The network manager provides a mechanism to trigger actions when the state of the interconnect changes. The action to be triggered is a user-definable script or executable that is run by the network manager when the interconnect status changes.
The interconnect can be in any of these externally visible states:
All nodes and interconnect links are functional.
All nodes and interconnect links that can be reached by the Interconnect Manager are functional, but there are some nodes where the node manager is not responding (due to a missing ethernet connection, or that the Dolphin Software has not been installed on the node).
All nodes are up, but one or more interconnect links have been disabled. Disabling links can either happen manually via sciadmin, or through the network manager because of problems reported by the node managers. In status DEGRADED, all nodes can still communicate via Dolphin Express, but the overall performance of the interconnect may be reduced.
One or more nodes are down (the node manager is not reachable via Ethernet), and/or a high number of links has been disabled which isolates one or more nodes from the interconnect. These nodes can not communicate via Dolphin Express, but i.e. SuperSockets will fall back to communicate via Ethernet if it is available.
UNSTABLE is a state which is only visibly externally. If the interconnect is changing states frequently (i.e. because nodes are rebooted one after the other), the interconnect will enter the state UNSTABLE. After a certain period of less frequent internal status changes (which are continuously recorded by network manager), the external state will again be set to either UP, REDUCED, DEGRADED or FAILED (The first 60 seconds of operation Network Manager will not consider the unstable state).
It is possible for the user to set the "- unstableinterval <interval in minutes>" in networkmanager.conf. If the cluster changes state more than 5 times in the <interval in minutes> then the state will be UNSTABLE. If the <interval in minutes> is set to 0, then this state will never be set. We exit the UNSTABLE state when the above requirement no longer applies. If the user sets the
While in status UNSTABLE, the network manager will enable verbose logging (to /var/log/dis_networkmgr.log) to make sure that no internal events are lost.
When the network manager invokes the specified script or executable, it hands over a number of parameters by setting environment variables. The content of these variables can be evaluated by the script or executable. The following variables are set:
The number of the fabric for which this notification is generated. Can be 0, 1 or 2.
The new state of the fabric. Can be either UP, REDUCED, DEGRADED, FAILED or UNSTABLE.
The previous state of the fabric. Can be either UP, REDUCED, DEGRADED, FAILED or UNSTABLE.
This variable contains the target address for the notification. This target address is provided by the user when the notification is enabled (see below), and the user needs to make sure that the content of this variable is useful for the chosen alert script. I.e., if the alert script should send an email, the content of this variable needs to be an email address.
The version number of this interface (currently 1). It will be increased if incompatible changes to the interface need to be introduced, which could be a change in the possible content of an existing environment variable, or the removal of an environment variable. This is unlikely and does not necessarily make an alert script fail, but a script that relies on this interface in a way where this matters needs to verify the content of this variable.
Notification on interconnect status changes is done via the dis_netconfig. In the Cluster Edit dialog, tick the check box above Alert target as shown in the screenshot below.
Then enter the alert target and choose the alert script by pressing the button and selecting the script in the file dialog. Dolphin provides an alert script
/opt/DIS/etc/dis/alert.sh (for the default installation path) which sends out an email to the specified alert target. Any other executable can be specified here. Please consider that this script will be executed in the context of the user running the network manager (typically root), so the permissions to change this file should be set accordingly.

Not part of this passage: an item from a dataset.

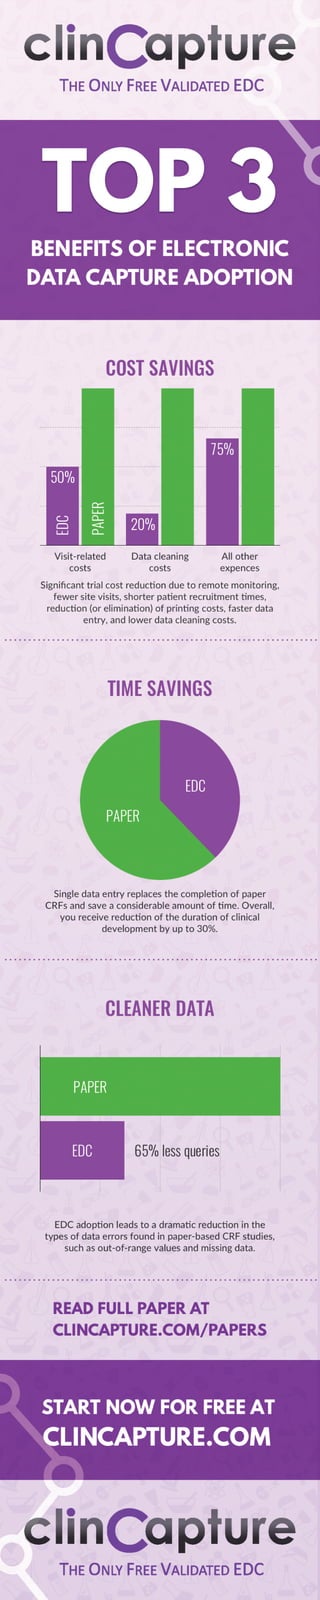 Infographic: Top 3 Benefits of EDC Adoption

To make the changes done in this dialog effective, you need to save the configuration files (to
/etc/dis on the frontend) and then restart the network manager:
# service dis_networkmgr restart
If the dis_netconfig can not be used, it is also possible to configure the notification by editing
/etc/dis/networkmanager.conf. Notification is controlled by two options in this file:
This parameter specifies the alert script
<file> to be executed.
This parameter specifies the alert target
<target> which is passed to the chosen alert script.
To disable notification, these lines can be commented out (precede them with a
After the file has been edited, the network manager needs to be restarted to make the changes effective:
# service dis_networkmgr restart
To verify that notification is actually working, you should provoke a interconnect status change manually. This can easily be done from sciadmin by disabling any link via the Node Settings dialog of any node.
Once the notification has been configured, it can be controlled via sciadmin. This is useful if the alerts should be stopped for some time. To disable alerts, open the Cluster Settings dialog and switch the setting next to Alert script as needed.
This is a per-session setting and will be lost if the network manager is restarted.
Make sure that the messages are enabled again before you quit sciadmin. Otherwise, interconnect status changes will not be notified until the network manager is restarted.